The vertigo started to take me.
“If it’s an insult, then I said, ‘I’m not most people.’ ”
I put out one hand to steady myself against the wall.
“And if it’s a compliment, I said, ‘Thanks.’ I guess.”
The hallway pulsed. Students surged toward me, 64 of them, except that I was only supposed to teach 32 and they weren’t the ones who really wanted to learn, they were warped and deformed versions of what they should have been and I couldn’t teach them becau
se I hated them too much. For not being what they could have been. For throwing off my inner balance, the delicate metaphysical ear that coordinates reality with ideal with acceptance. For careening past the Feigenbaum number, into versions of themselves where attraction was replaced by turbulent chaos . . . I fell heavily against the wall, gulping air.
“Hey!” The girl looked up. She had a scrawny, bony face with a too-wide mouth, and a delicate, fine-boned face with rosy generous lips. But mostly I saw her eyes. They looked at me with conventional concern, and then at the wall behind me, and then back at me, and shock ran over me like gasoline fire. The girl reached out an arm to steady me, but her gaze had already gone again past me, as mine did everywhere but in the mirror, inexorably drawn to what I had never seen: the other Jack shimmering behind me, the ideal self I was not.
“It affects you differently than me,” Mia said over coffee in the student cafeteria. I’d agreed to go there only because it was nearly empty. “I don’t get nauseated or light-headed. I just get mad. It’s such a fucking waste.”

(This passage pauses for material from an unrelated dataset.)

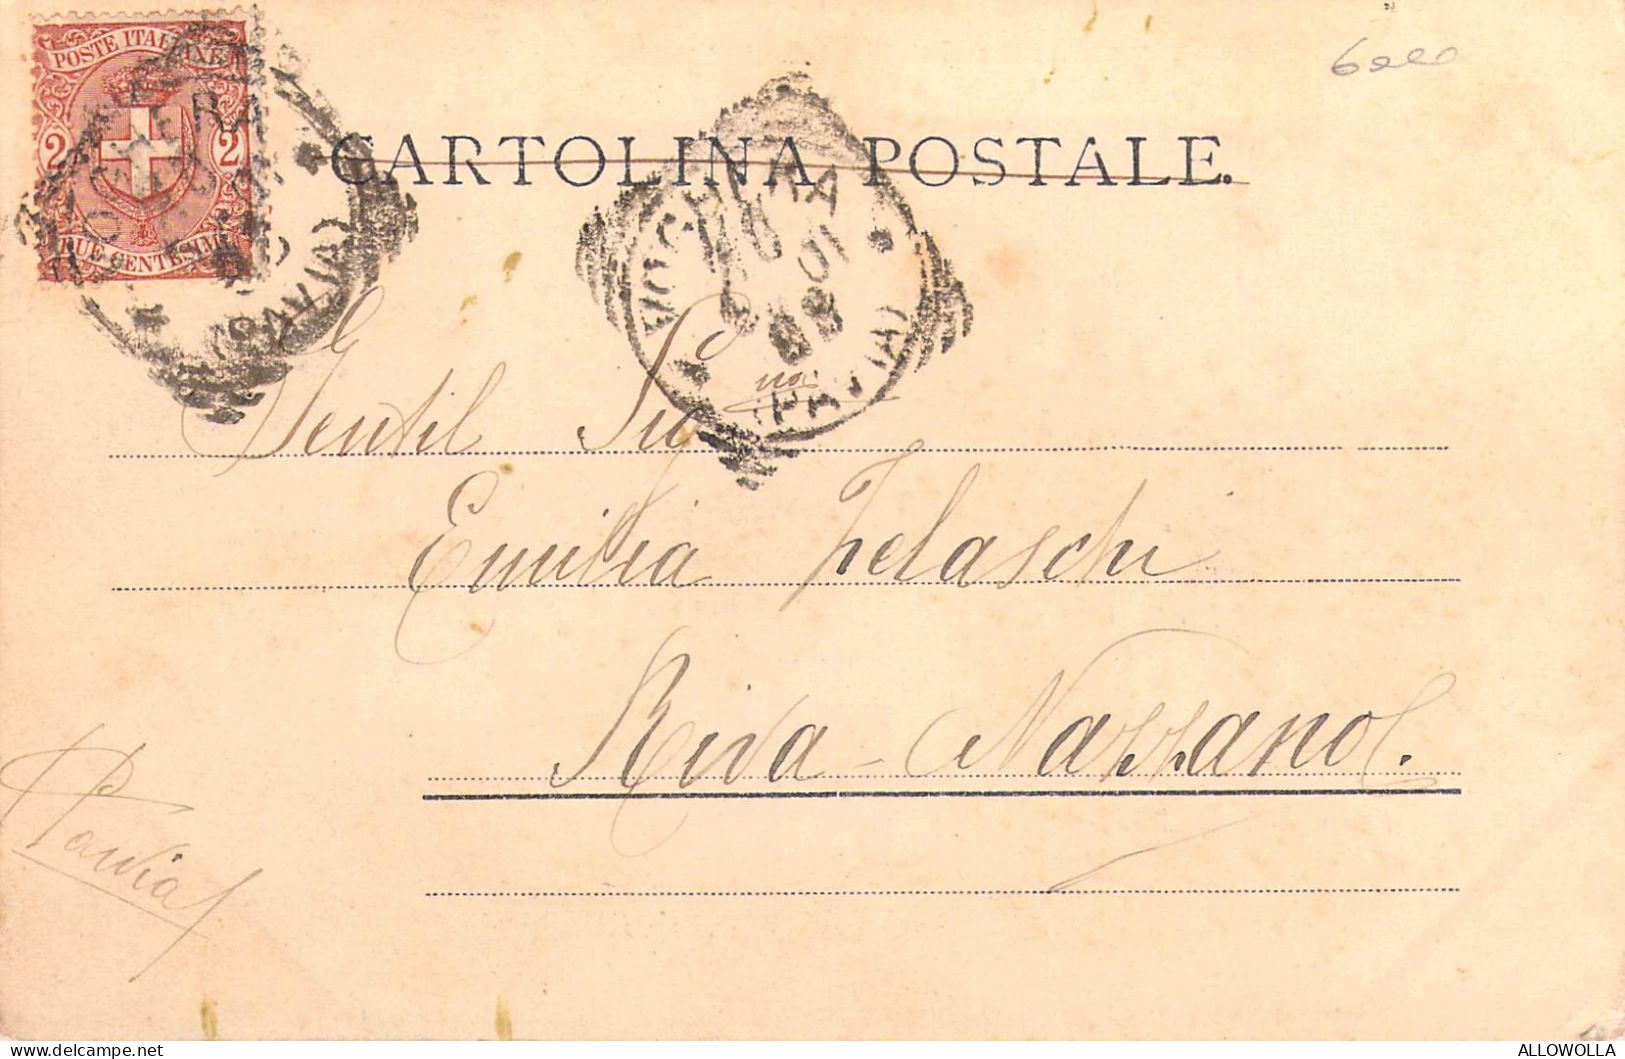 24239 " RICORDO DI TORINO-GRAN MADRE DI DIO E MONTE DEI CAPPUCCINI " PANORAMA-VERA FOTO-CART. POST. SPED. 1901 - Kerken

She sat across from me, and the other Mia sat behind her, green eyes hopeful in her lovely face. Hopeful that we could share this, that she was no longer alone, that I might be able to end her loneliness. The physical Mia didn’t look hopeful. She looked just as furious as she said she was.
“Nine times out of ten, Jack, people could become their ideal selves, or at least a whole lot fucking closer, if they just tried. They’re just too lazy or screwed up to put some backbone into it.”
I looked away from her. “For me,” I said hesitantly, “I guess it’s mostly the unfairness of it that’s such a burden. Seeing the ideal has interfered with every single thing I’ve ever wanted to do with my life.” Except mathematics.
She squinted at me. “Unfairness? So what? Just don’t give in to it.”
“I think it’s a little more complicated than—”
“It’s not. In fact, it’s real simple. Just do what you want, anyway. And don’t whine.”